IEEE Transactions on Evolutionary Computation
- Discipline: evolutionary and natural computation
- Language: English
- Edited by: Carlos A. Coello Coello

Publication details
- History: 1997–present
- Publisher: IEEE Computational Intelligence Society
- Frequency: Bimonthly
- Impact factor: 16.497 (2021)

Standard abbreviations
- ISO 4: IEEE Trans. Evol. Comput.

Indexing
- CODEN: ITEVF5
- ISSN: 1089-778X (print) 1941-0026 (web)
- LCCN: 97648327
- OCLC no.: 35127428

Links
- Journal homepage; Online access;

= IEEE Transactions on Evolutionary Computation =

IEEE Transactions on Evolutionary Computation is a bimonthly peer-reviewed scientific journal published by the IEEE Computational Intelligence Society. It covers evolutionary computation and related areas including nature-inspired algorithms, population-based methods, and optimization where selection and variation are integral, and hybrid systems where these paradigms are combined.
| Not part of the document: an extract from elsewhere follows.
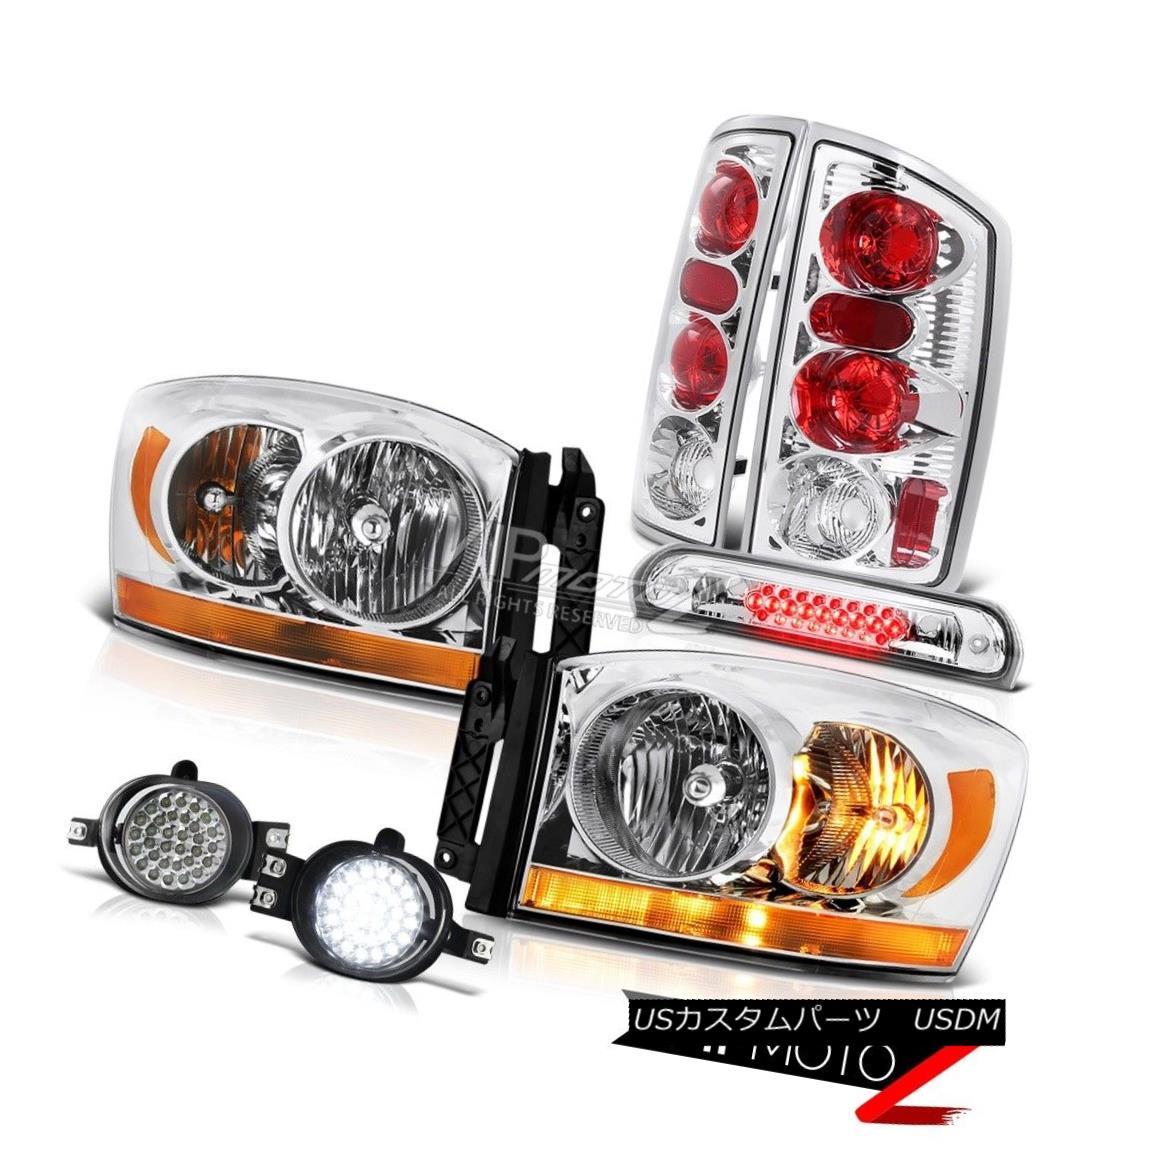 ヘッドライト 2006 Ram 3500 Crystal Clear Headlights Foglamps Roof Cab Lamp Rear Brake Lights 2006 Ram 3500クリスタルクリアヘッドライトフォグランプルーフキャブランプリアブレーキライト

The editor-in-chief is Carlos A. Coello Coello (CINVESTAV). According to the Journal Citation Reports, the journal has a 2021 impact factor of 16.497.

The journal was established in 1997 by the IEEE Neural Networks Council, with David B. Fogel as founding editor-in-chief (1997-2002). Other editors-in-chief have included Xin Yao (2003-2008), Garrison Greenwood (2009-2014) and Kay Chen Tan (2015-2020).